The ALGOL X efforts would go on to choose a much more complex language, ALGOL 68. The complexity of this language led to considerable difficulty producing high-performance compilers, and it was not widely used in the industry. This left an opening for newer languages.

===Pascal===
Pascal was influenced by the ALGOL W efforts, with the explicit goals of teaching programming in a structured fashion and for the development of system software. A generation of students used Pascal as an introductory language in undergraduate courses. Other goals included providing a reliable and efficient tool for writing large programs, and bridging the canyon between scientific and commercial programming, as represented by the then-widespread languages Fortran and COBOL, with a general-purpose language.
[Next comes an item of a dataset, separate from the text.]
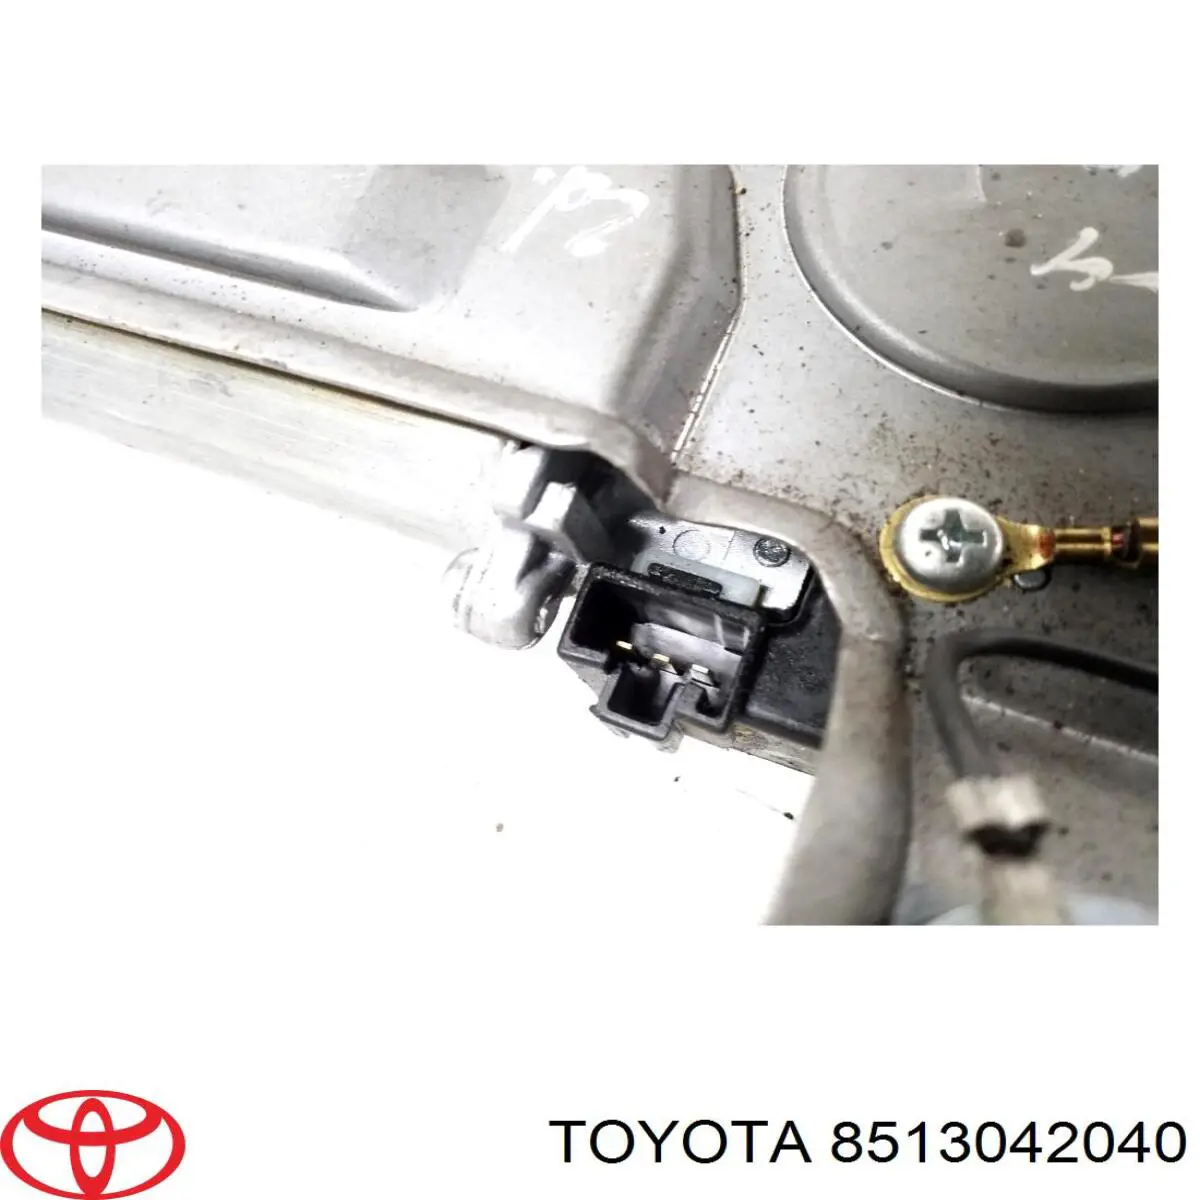 8513042040 Toyota motor limpiaparabrisas, trasera

One of the early successes for the language was the introduction of University of California, San Diego's (UCSD) UCSD Pascal, a version that ran on a custom operating system that could be ported to different platforms. A key platform was the Apple II, where it saw widespread use as Apple Pascal. This led to Pascal becoming the primary high-level language used for development in the Apple Lisa, and later, the Macintosh. Parts of the original Macintosh operating system were hand-translated into Motorola 68000 assembly language from the Pascal source code.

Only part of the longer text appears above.